Поскольку к нему ещё не пришла уверенность в шаге, он всё ещё по централовской привычке держал руки за спиной, как будто шёл под конвоем. Навстречу ему уже попались четыре постояльца колонии, которые объяснили, что здесь этого от него не требуется, и он может ходить как на свободе: руки в боки, или руки в карманы. Когда он сделал несколько кругов по периметру здания, соединявшего женский барак, карантин, нарядку и библиотеку, ему навстречу выскочил Ильюха. И с улыбочкой лучшего друга поинтересовался:
– Как дела, Боря? Уже устроился на работу?
– Нет, – ответил он, – Пока гуляю.
– Ну, смотри! Как решишься, пойдёшь в столовую, спросишь там специального человека – Лёха Кальмар – он тебе покажет, куда тебе идти и что делать.
– Ладно. Подойду. – Хотя, вообще-то, подходить и работать в столовой не хотелось. А Ильюха, наоборот, добавил:
– Сто шестая на баландёров не распространяется. У них свободного времени не бывает.
Вот уж непонятно: обрадовал или огорчил. С одной стороны, хорошо – сто шестую подписывать не надо. С другой стороны: работа в столовой, это итак хозбанда, значит, пойдёшь туда: рога надел. А с третьей стороны:…. Чего это Ильюха его баландёром назвал? Разве баландёр – это не тот, кто доставляет баланду?! Неужели, этот термин применяется ко всем работникам столовой?!
Если это так, то ни за какие ковришки не надо соглашаться идти туда. Лучше ШИЗО и прощай УДО, чем выйти на свободу козлом с рогами. Эх, как же тяжело с выбором. Скорее бы свобода и делай что хочешь. Как потянуть время? Ведь прошло всего восемь месяцев, а впереди ещё почти два года…
– Что, Боря, хотел пораньше выйти?
– Да ничего я не хотел. Видишь, не иду устраиваться.

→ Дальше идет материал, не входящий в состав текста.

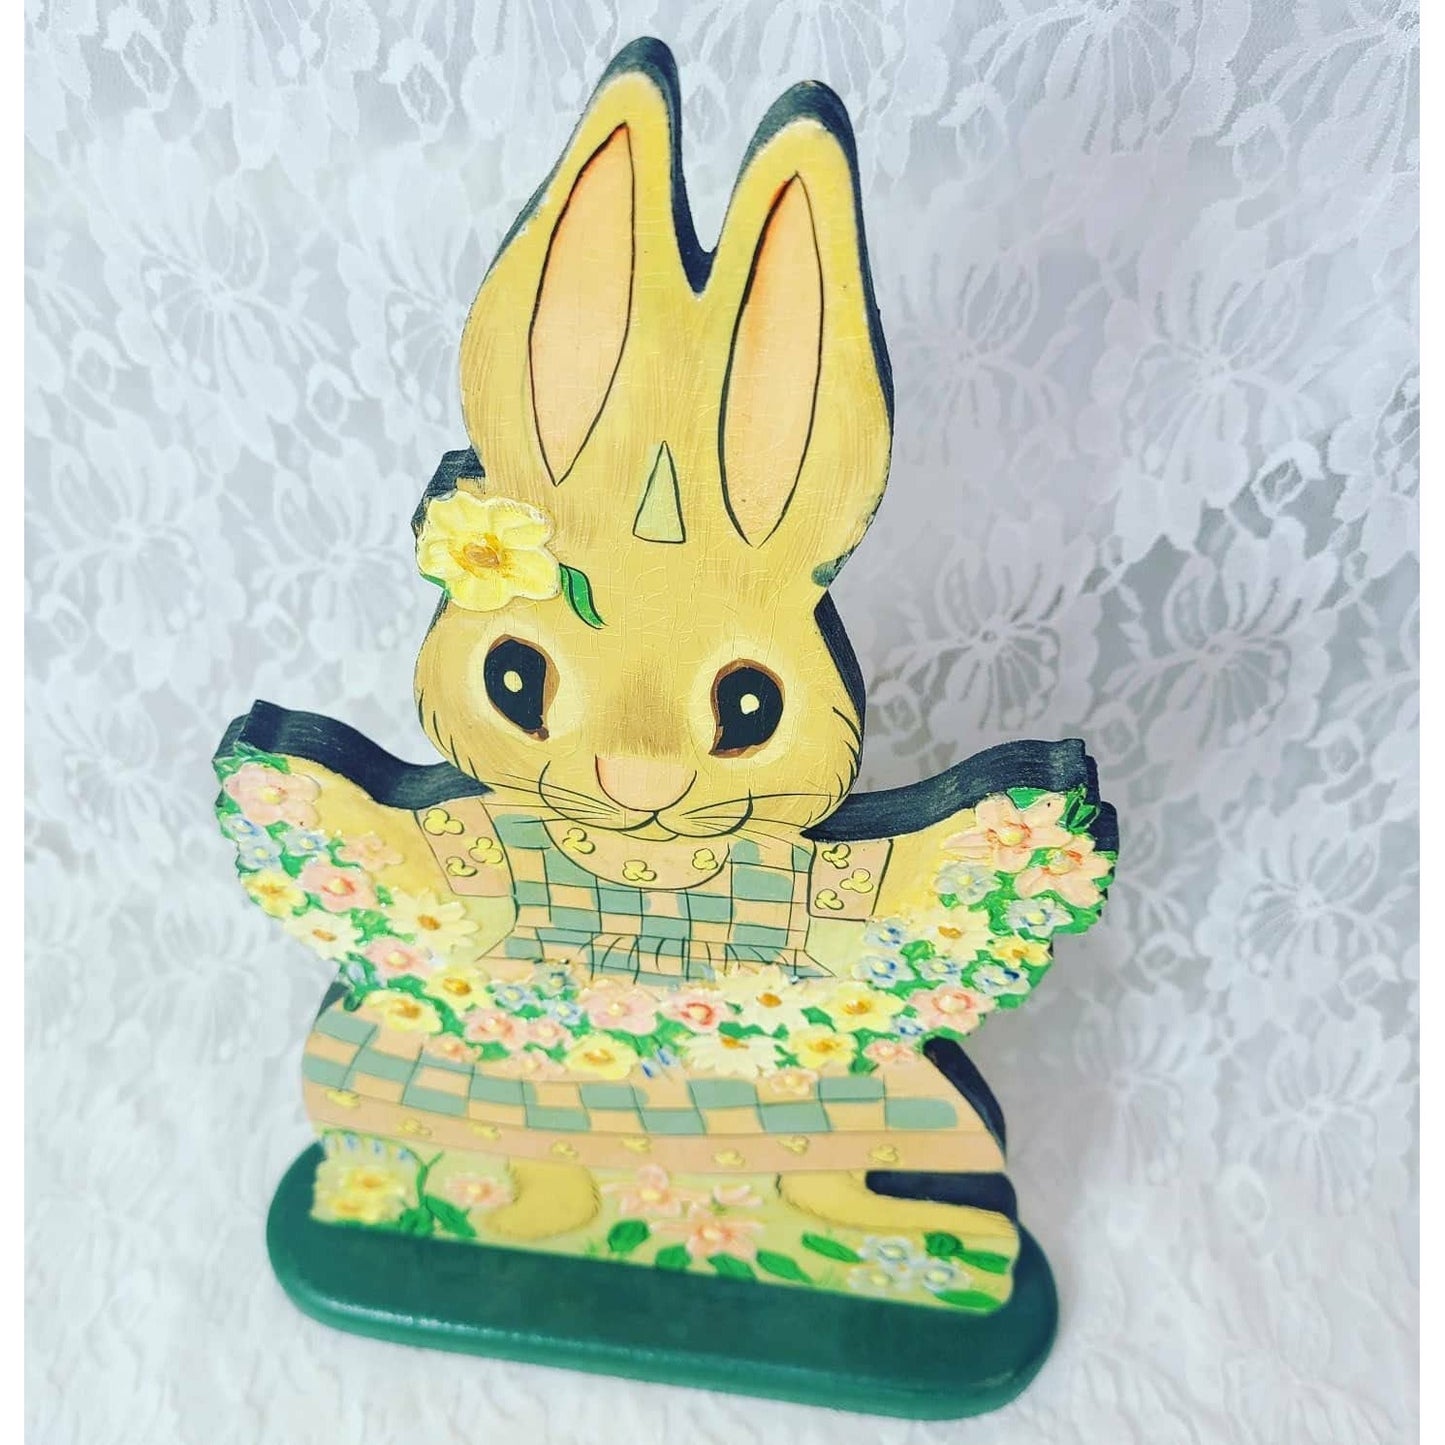 Easter Decorations Vintage 1980s Wooden Handmade Easter Bunny Freestanding Wood Table Ornament ~ Easter Bunny Art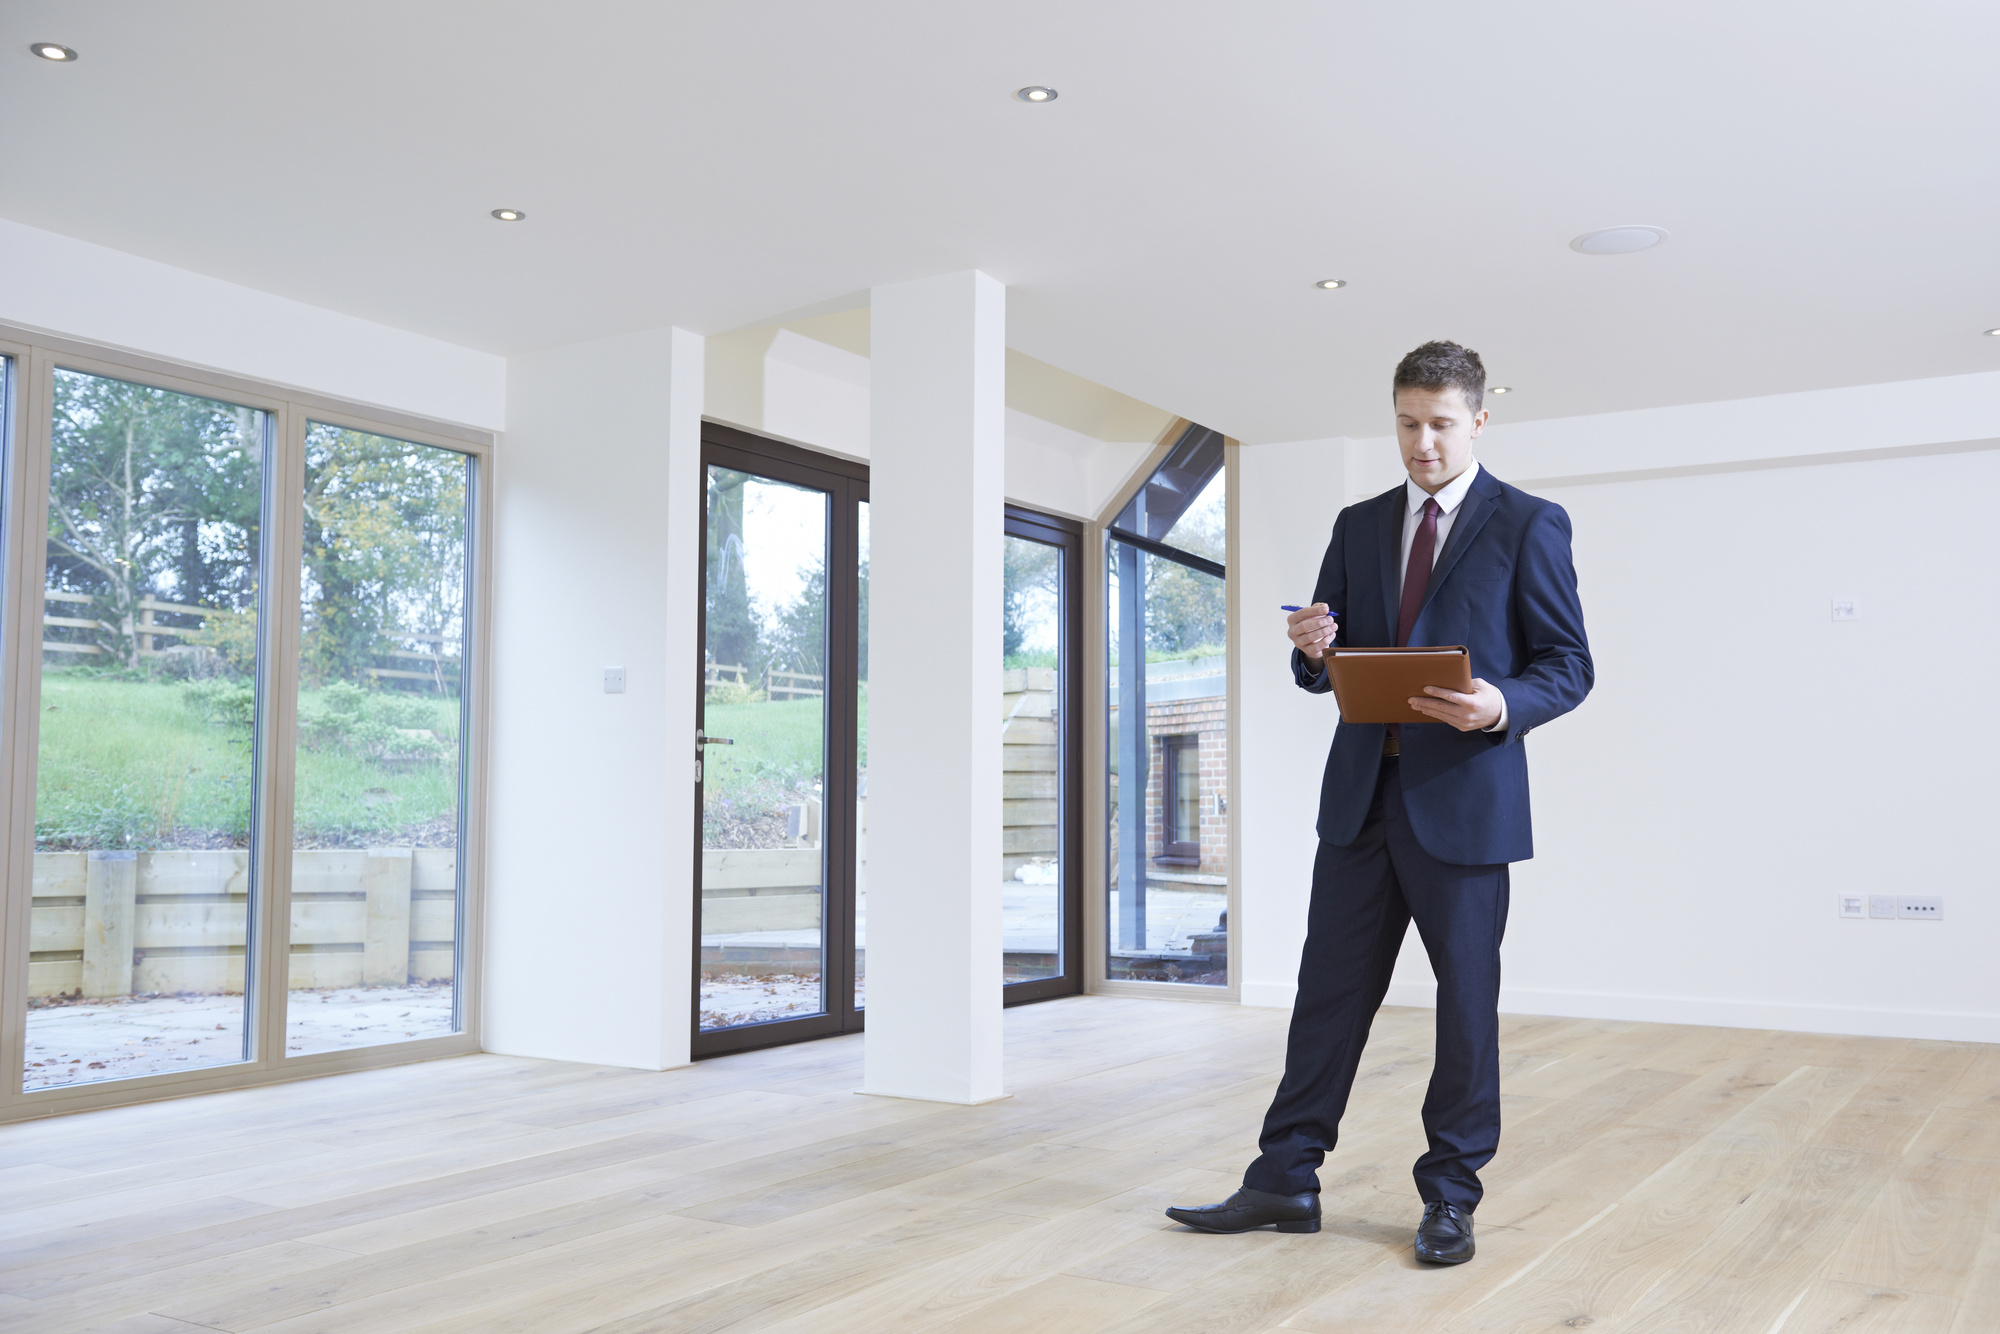 7 Important Questions to Ask a Real Estate Agent Before Hiring

Уже второй день Боря жил в общем бараке и почти освоился с новыми знакомыми. Его друзья по этапу почти все уже работали на промке. А сам Боря общался с блатными о возможности избежать баландёрства. Ему хотелось это сделать по-мирному: без биты и ШИЗО, и он был уверен, что блатные знают такую дорогу. Сейчас он разговаривал с армянином по погремушке Крест, который был смотрящим за чёрным, а также возглавлял армянскую семейку, которая простиралась на три проходняка в углу два-один.
Семейка не состояла исключительно из армян, в чём Боря вскоре убедился. Среди них был татарин Бабай, и азербайджанец Салех. Крест продолжал испытывать Борю:
– Тогда чего же ты хотел?
– У меня просто душка не хватило твёрдо сказать «не пойду» и в ШИЗО. А так они моё молчание приняли за согласие.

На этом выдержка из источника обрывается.